Finetuning a model means updating the model itself over a set of data to improve the model in a variety of ways. This can include improving the quality of outputs, reducing hallucinations, memorizing more data holistically, and reducing latency/cost.

The core of our toolkit revolves around in-context learning / retrieval augmentation, which involves using the models in inference mode and not training the models themselves.

While finetuning can be also used to “augment” a model with external data, finetuning can complement retrieval augmentation in a variety of ways:

Embedding Finetuning Benefits

  • Finetuning the embedding model can allow for more meaningful embedding representations over a training distribution of data –> leads to better retrieval performance.

LLM Finetuning Benefits

  • Allow it to learn a style over a given dataset

  • Allow it to learn a DSL that might be less represented in the training data (e.g. SQL)

  • Allow it to correct hallucinations/errors that might be hard to fix through prompt engineering

  • Allow it to distill a better model (e.g. GPT-4) into a simpler/cheaper model (e.g. gpt-3.5, Llama 2)

Integrations with LlamaIndex

This is an evolving guide, and there are currently three key integrations with LlamaIndex. Please check out the sections below for more details!

  • Finetuning embeddings for better retrieval performance

  • Finetuning Llama 2 for better text-to-SQL

  • Finetuning gpt-3.5-turbo to distill gpt-4

Finetuning Embeddings for Better Retrieval Performance

We created a comprehensive repo/guide showing you how to finetune an open-source embedding model (in this case, bge) over an unstructured text corpus. It consists of the following steps:

  1. Generating a synthetic question/answer dataset using LlamaIndex over any unstructed context.

  2. Finetuning the model

  3. Evaluating the model.

Finetuning gives you a 5-10% increase in retrieval evaluation metrics. You can then plug this fine-tuned model into your RAG application with LlamaIndex.


Finetuning GPT-3.5 to distill GPT-4

We have multiple guides showing how to use OpenAI’s finetuning endpoints to fine-tune gpt-3.5-turbo to output GPT-4 responses for RAG/agents.

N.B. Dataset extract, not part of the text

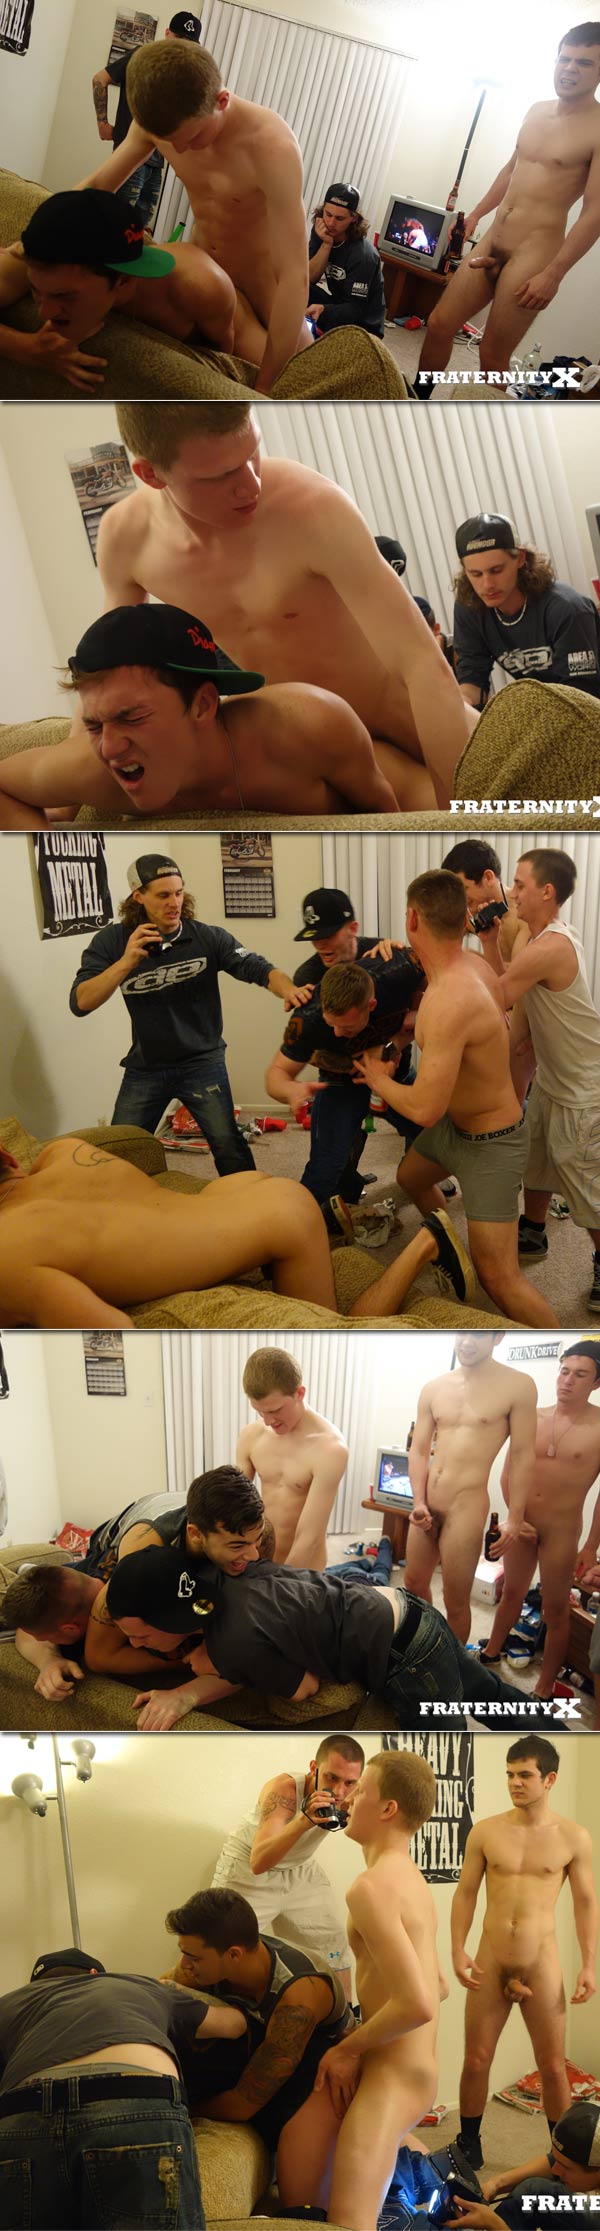 Gag and Tag (Bareback) it at FraternityX

We use GPT-4 to automatically generate questions from any unstructured context, and use a GPT-4 query engine pipeline to generate “ground-truth” answers. Our OpenAIFineTuningHandler callback automatically logs questions/answers to a dataset.

We then launch a finetuning job, and get back a distilled model. We can evaluate this model with Ragas to benchmark against a naive GPT-3.5 pipeline.


[WIP] Finetuning GPT-3.5 to Memorize Knowledge

We have a guide experimenting with showing how to use OpenAI fine-tuning to memorize a body of text. Still WIP! Not quite as good as RAG yet.

Finetuning Llama 2 for Better Text-to-SQL

In this tutorial, we show you how you can finetune Llama 2 on a text-to-SQL dataset, and then use it for structured analytics against any SQL database using LlamaIndex abstractions.

The stack includes sql-create-context as the training dataset, OpenLLaMa as the base model, PEFT for finetuning, Modal for cloud compute, LlamaIndex for inference abstractions.